The letter bore the typewritten signature of Captain Ohlson.
The government argues that the letter and memorandum provided sufficient proof to justify a conviction for refusing to submit to induction under the Business Records and Government Records Act exceptions to the hearsay rule. The government relies on decisions of this court, particularly United States v. Van Hook, 284 F.2d 489 (7th Cir.), remanded for resentencing, 365 U.S. 609, 81 S.Ct. 823, 5 L.Ed.2d 821 (1961).
28 U.S.C. § 1732 and § 1733.
This reliance is misplaced. Although the documents may have been admissible in evidence under exceptions to the hearsay rule, this circuit has never countenanced a construction of the Government Records Act which would allow the government to establish the corpus delicti in a criminal case solely on the basis of unverified and contradicted statements contained in written memoranda. In Van Hook, in addition to a letter to the U.S. Attorney's office detailing the alleged refusal, the evidence included testimony by an agent from the Federal Bureau of Investigation that the defendant had admitted to refusing to submit to induction on the morning in question. 284 F.2d at 492. In United States v. Rogers, 454 F.2d 601, 604 (7th Cir. 1971), also relied upon by the government, this court was careful to note that the civilian employer's statement that the defendant had failed to report was not the only evidence offered to prove the corpus delicti. In that case the defendant had written his local board that he was unable to accept the job offered him. The court noted that the written statement by the defendant, like a comparable letter written by the defendant in United States v. Holmes, 387 F.2d 781, 783 (7th Cir.), cert. denied, 391 U.S. 936, 88 S.Ct. 1835, 20 L.Ed.2d 856 (1968), constituted an admission that he had failed to report on the critical date. The evidence in Rhyne v. United States, 407 F.2d 657, 660 (7th Cir. 1969), included, in addition to a letter written to the U.S. Attorney by Selective Service officials, a witnessed statement of refusal to submit to induction signed by the defendant.

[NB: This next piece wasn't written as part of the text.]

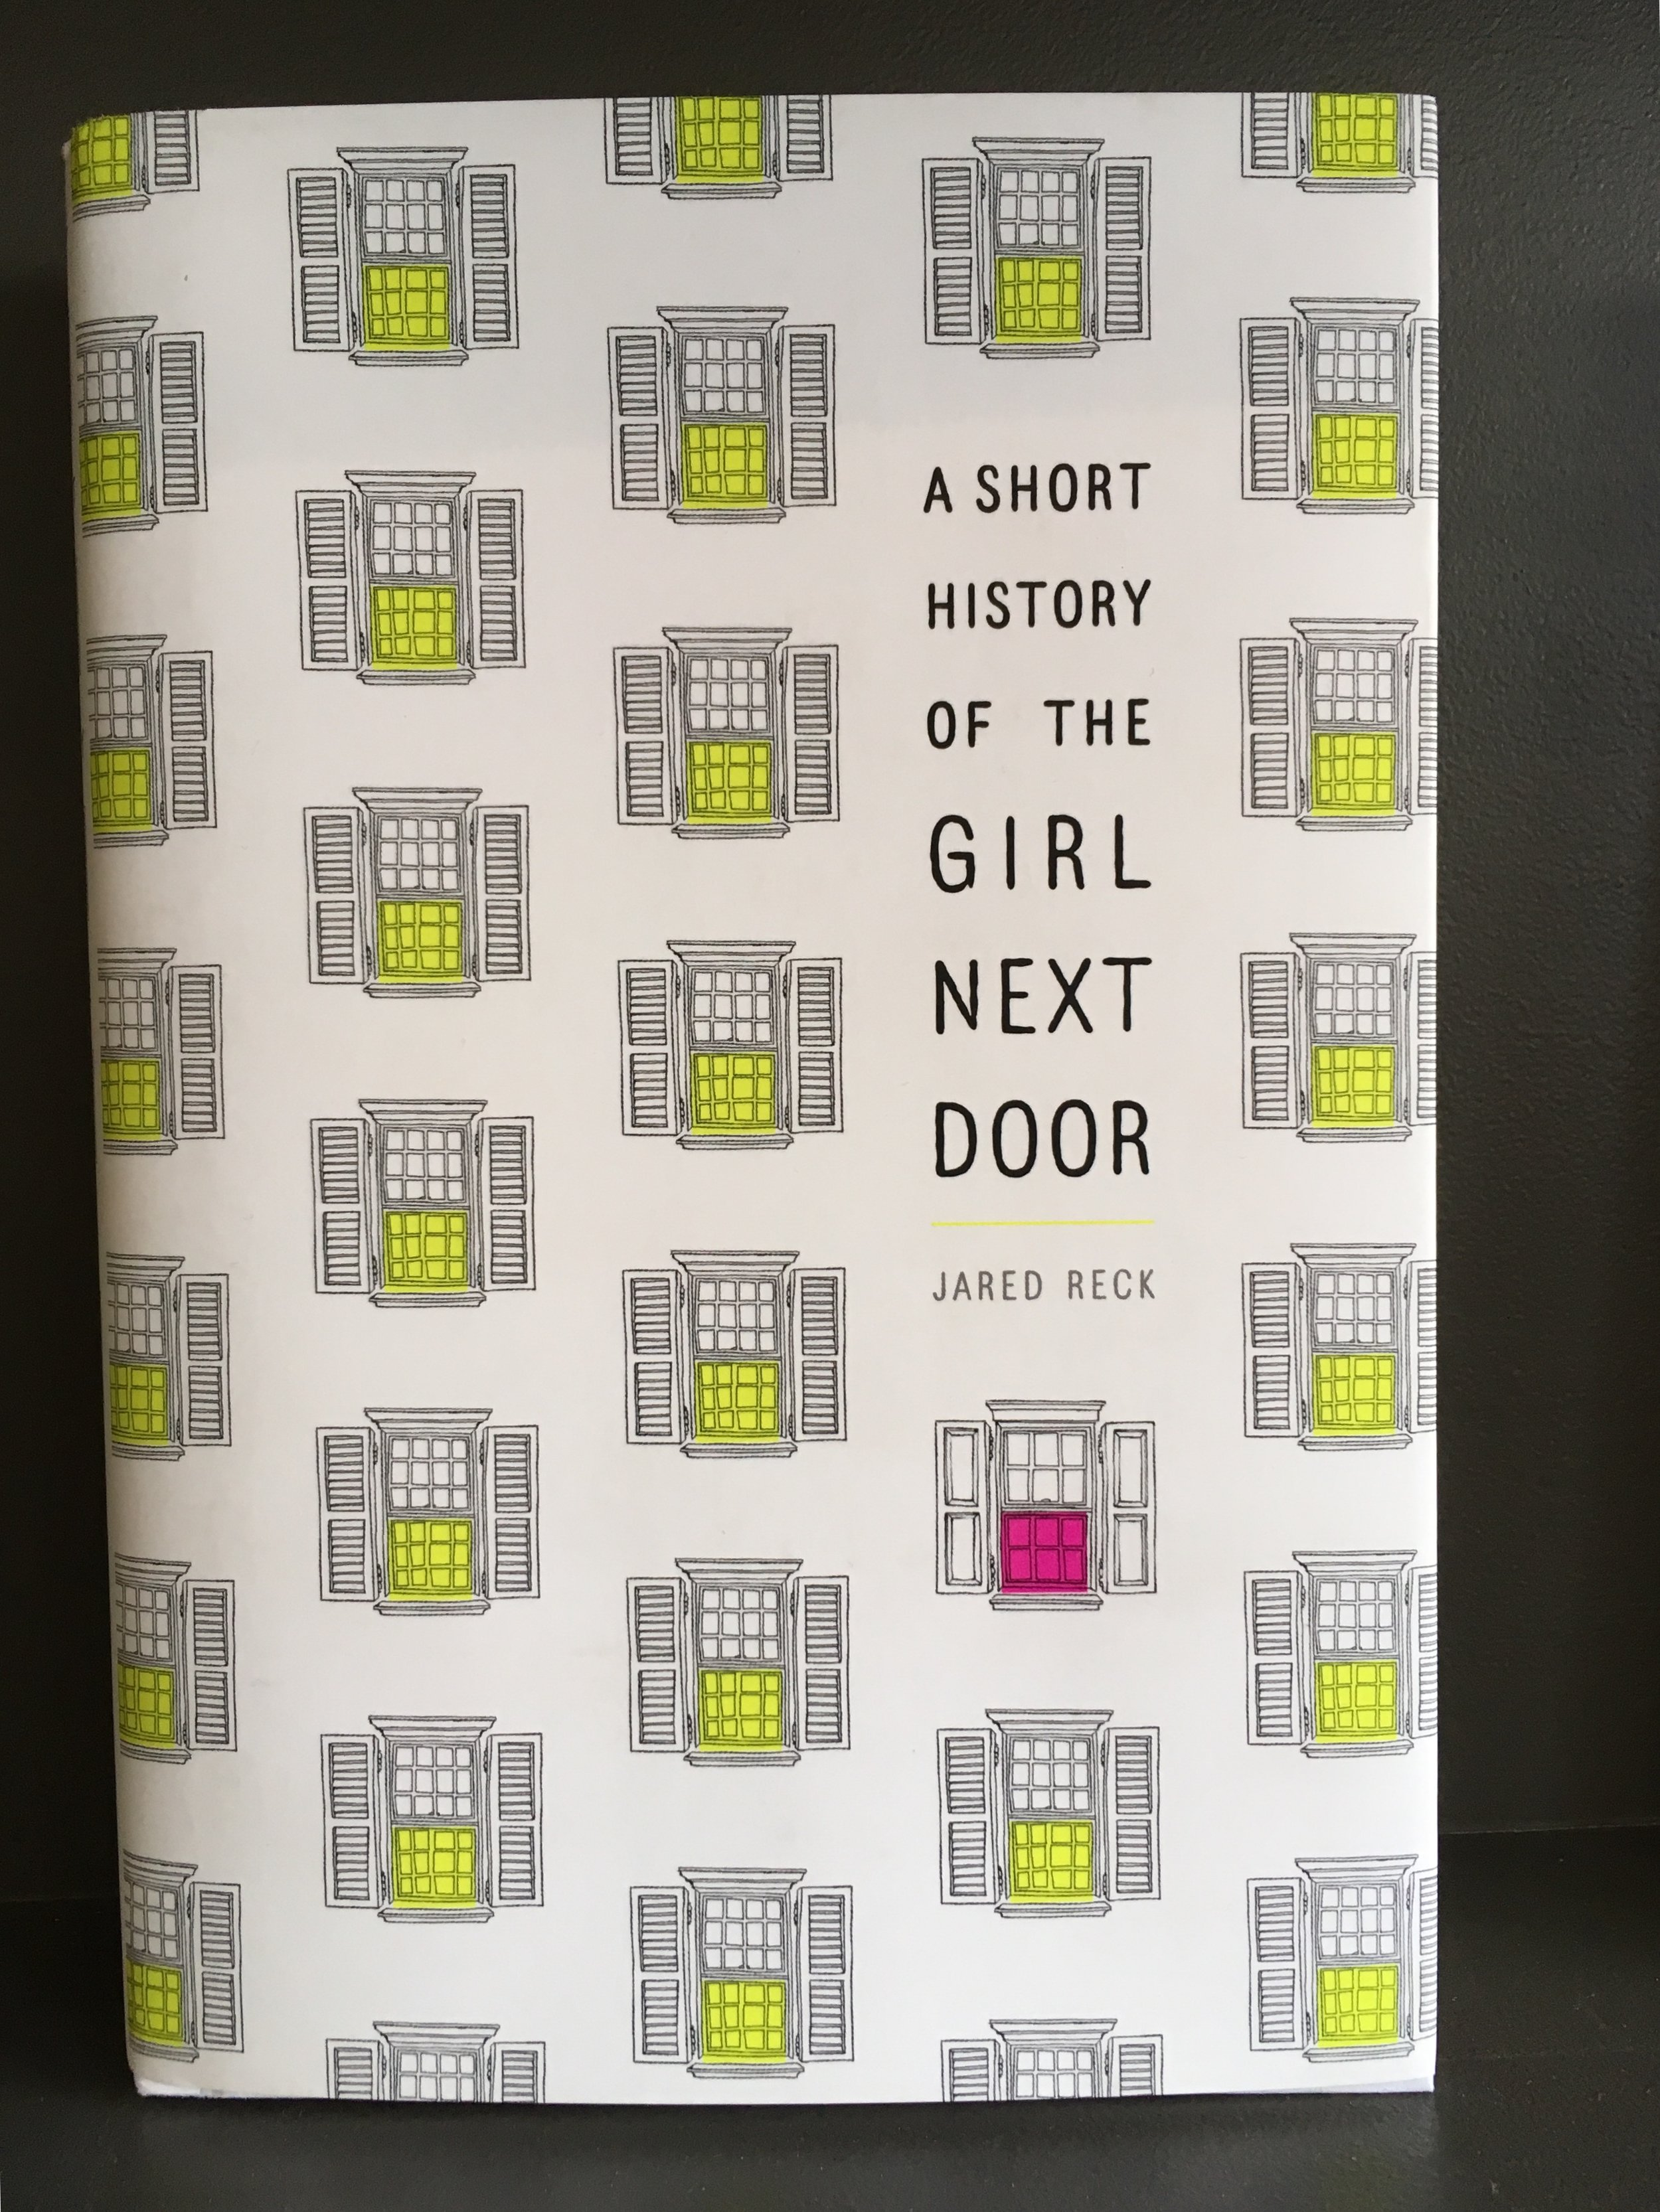 A Short History of the Girl Next Door - Jared Reck

The question of the sufficiency of evidence to establish the corpus delicti beyond a reasonable doubt was apparently not raised in United States v. Harris, 446 F.2d 129 (7th Cir. 1971). That case merely reaffirmed the admissibility of a selective service file in the face of the Sixth Amendment right to confrontation. Even so, the court limited its holding to a statement that the file was sufficient to establish a prima facie case of refusal to report for civilian work, noting that "[h]ad there been any evidence offered at the trial which tended to contradict the selective service file's representation that Mr. Harris had failed to report, we would be alarmed about his demand for the right to confront the witness on this issue." 446 F.2d at 131.
The court in Harris did not discuss, and apparently was not presented with, a claim that there was any impermissible burden under the Fifth Amendment imposed upon the defendant by reason of a failure to offer any contradiction of the government's evidence.

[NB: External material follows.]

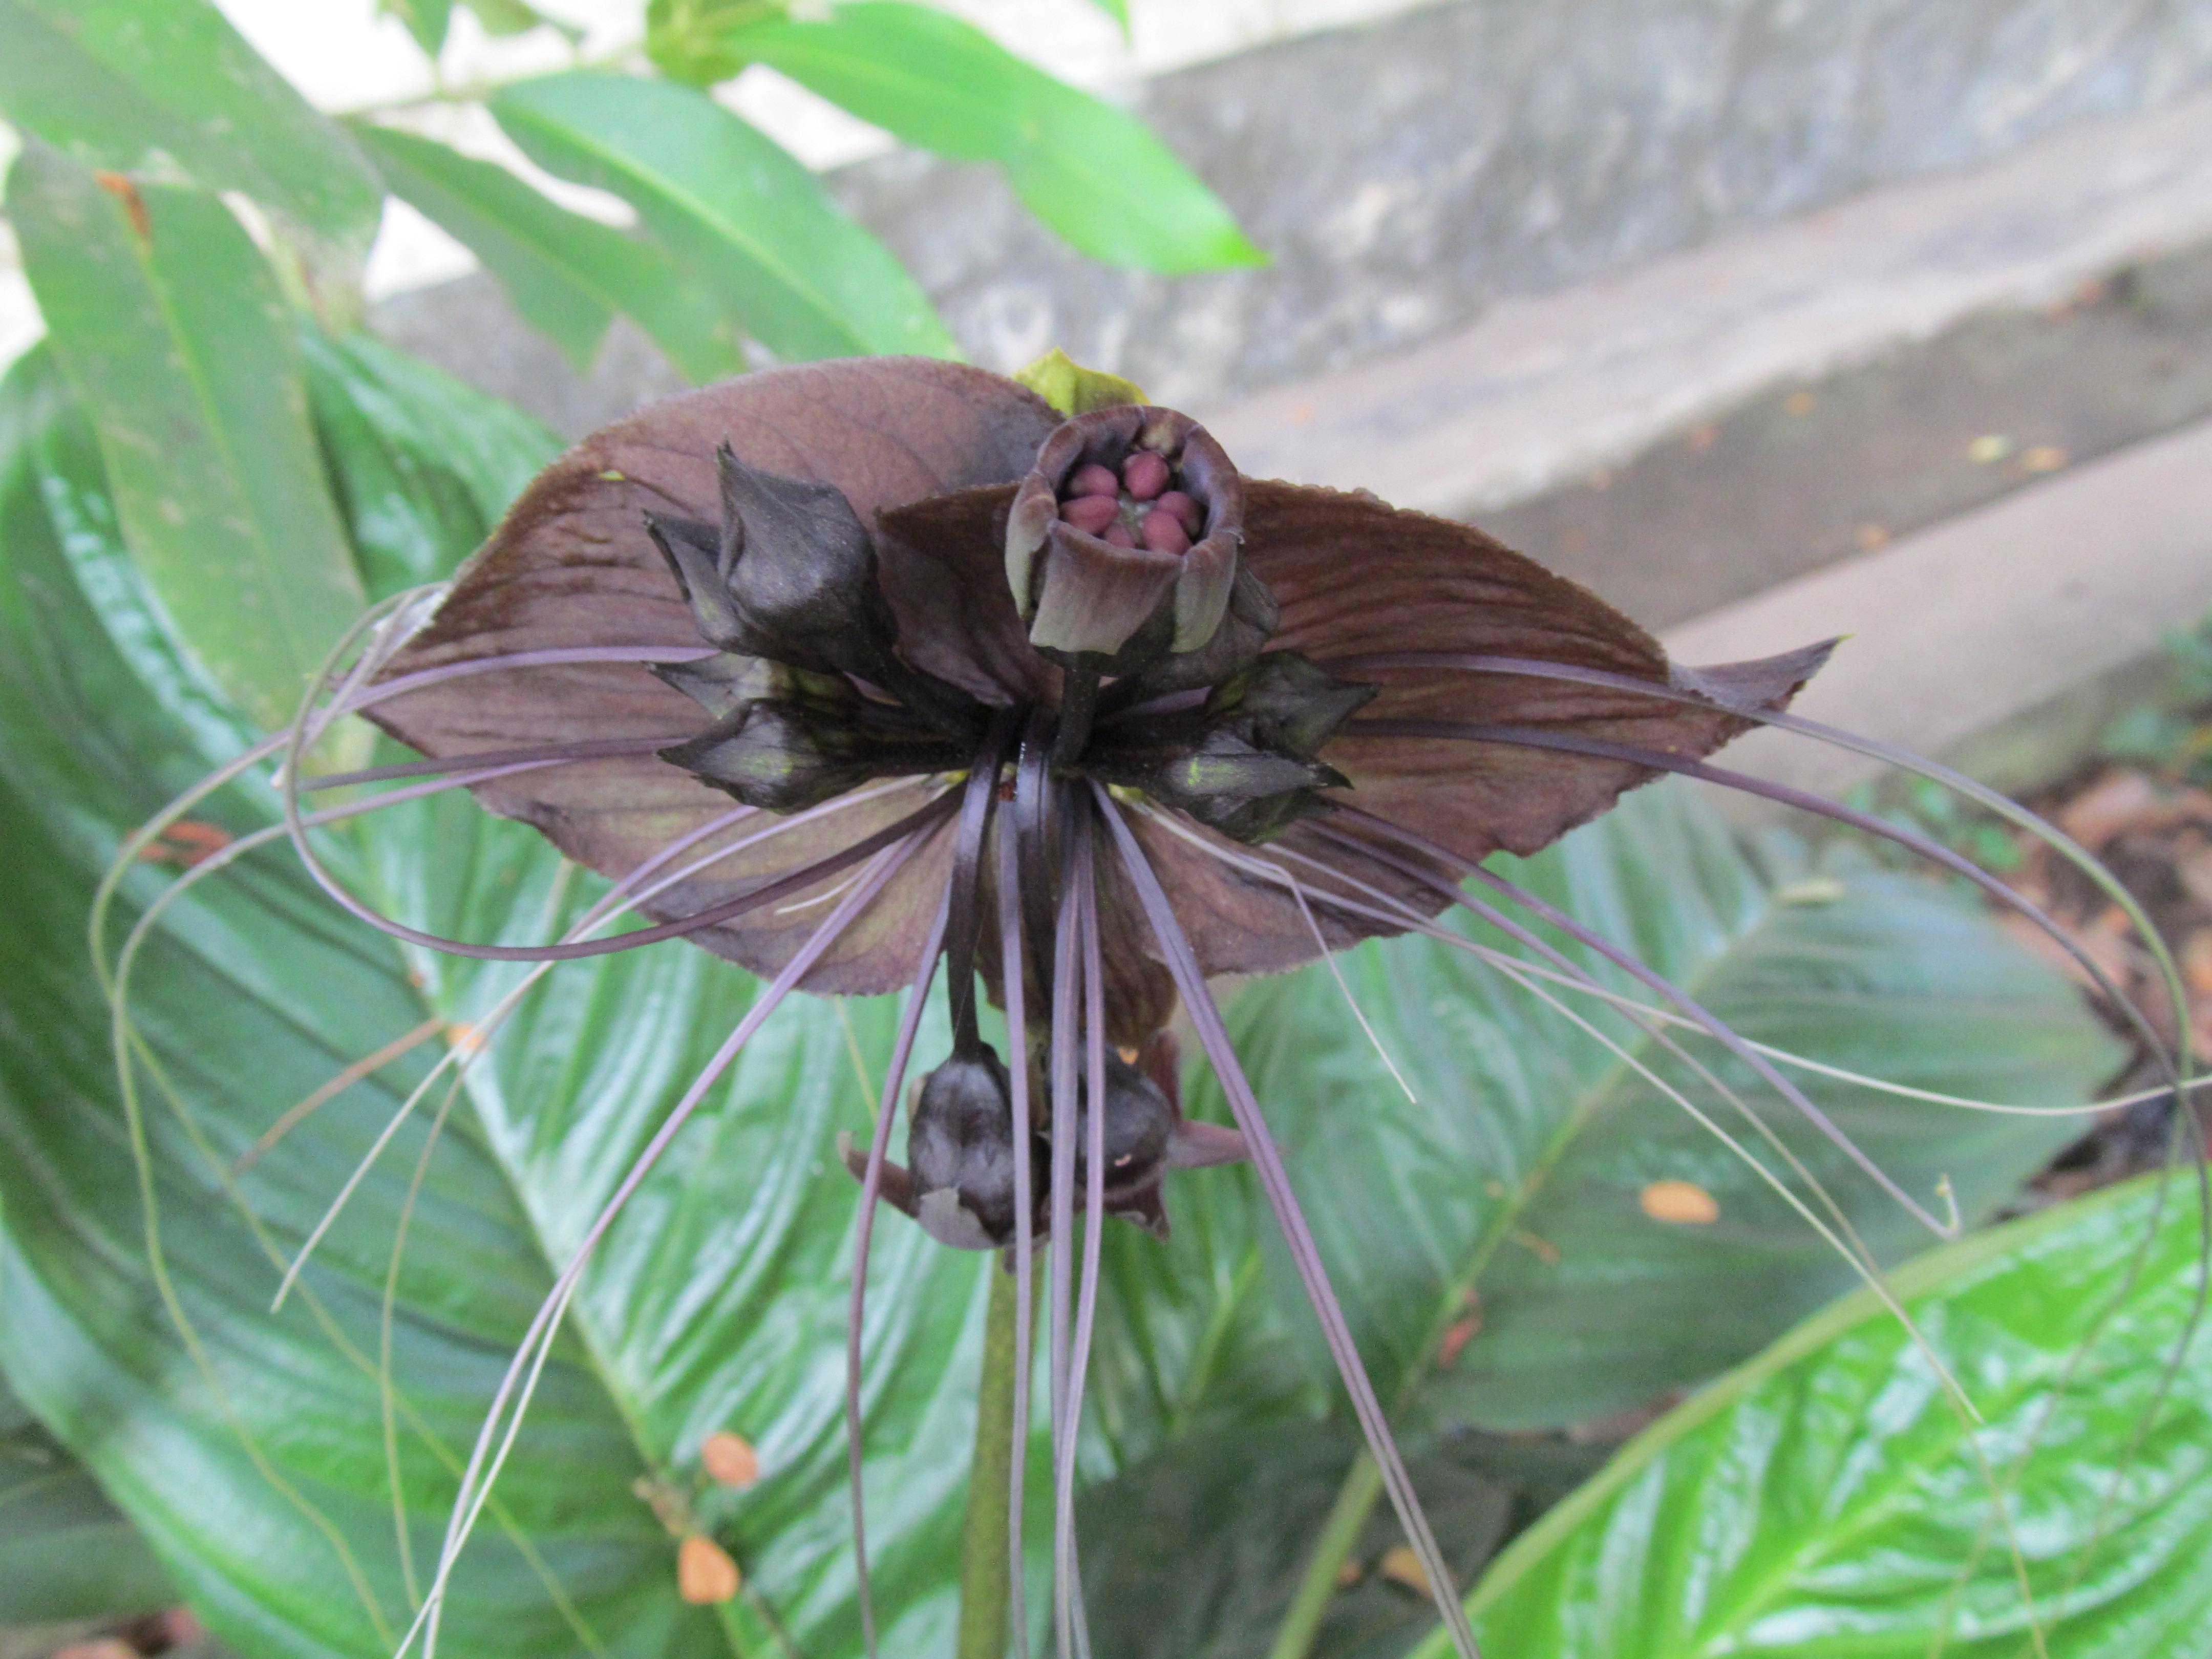 File Tacca chantrieri Kerala Vavvalpoovu black bat flower 04 JPG Wikime

The opinion in United States v. Lyzun, 444 F.2d 1043, 1046 (7th Cir. 1971), merely stated that the government's case had been proved by letters and entries in the board file. The court's citation of Holmes, supra, indicates that the papers may have included written admissions by the defendant.

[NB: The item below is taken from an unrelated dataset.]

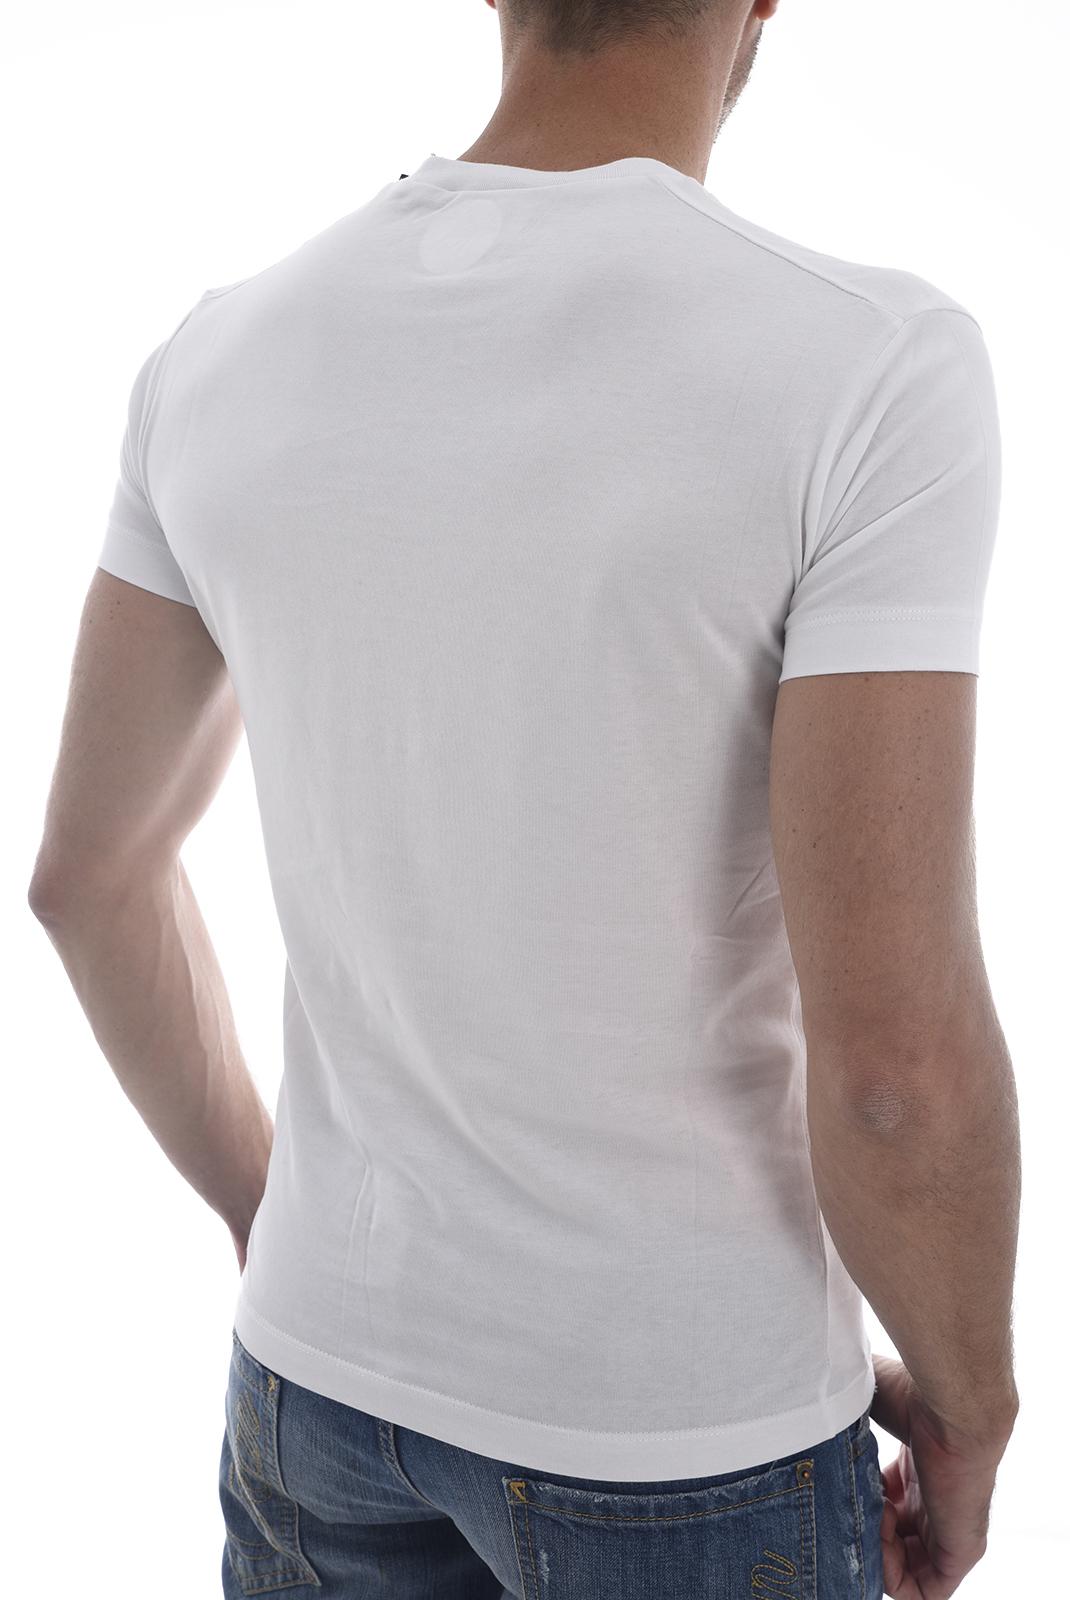 Tee-shirts  Dsquared2 S71GD0625 LION 100 BLANC

No admissions are in evidence in the present case. The evidence in the record before us, consisting solely in two written statements by Selective Service officials, is insufficient proof upon which to sustain Webb's conviction.
The government argues that the document brought to the induction center by the defendant constituted an "admission" that Webb intended to refuse induction. The record does not support this contention. On the contrary, the final paragraph of the document in question would seem to support Webb's statement that he did intend to submit to induction. The paragraph states:
"Should the Chief of the Armed Forces Entrance and Examining Station refuse to sign this instrument, inductee expresses the hope that he will appear as a witness in inductee's behalf should inductee, as a result of being a member of the Armed Forces of the United States, find himself charged with the commission of a war crime. . . ."
Since this case must be remanded for a new trial we think it appropriate to correct an additional error made by the trial court. Over objection, the trial judge instructed the jury that if it believed that "the defendant deliberately engaged in conduct that he knew would make induction impossible, then he is properly charged with refusal to submit to induction." In giving this instruction, the trial judge told the jury that while the symbolic step forward was the usual and customary procedure by which an inductee is asked to recognize that he is no longer a civilian, it is not the only way such recognition of change of status can be accomplished, and that it could find that the defendant had never been requested to take the symbolic step forward and still find him guilty under the above instruction. We recognize that there may be instances when a defendant's aggressive conduct could make even the formal attempt at ceremony impossible. There was no evidence from which such a conclusion could be reached here, however. The trial judge's instruction was therefore inappropriate in view of Army Regulation 601-270, paragraph 3-31c(1), which provides:
"Any registrant who has been removed from the group as prescribed in paragraph 3-22b and who persists in his refusal to submit to induction will be informed that such refusal constitutes a felony under the provisions of the Military Selective Service Act of 1967. He will be informed further that conviction of such an offense under civil proceedings will subject him to be punished by imprisonment for not more than 5 years, or a fine of not more than $10,000, or both. He will then be informed again of the imminence of induction, using the language specified in paragraph 3-22a, and his name and service again will be called. If he steps forward at this time, he will be informed that he is a member of the Armed Forces concerned, using the language specified in paragraph 3-22c."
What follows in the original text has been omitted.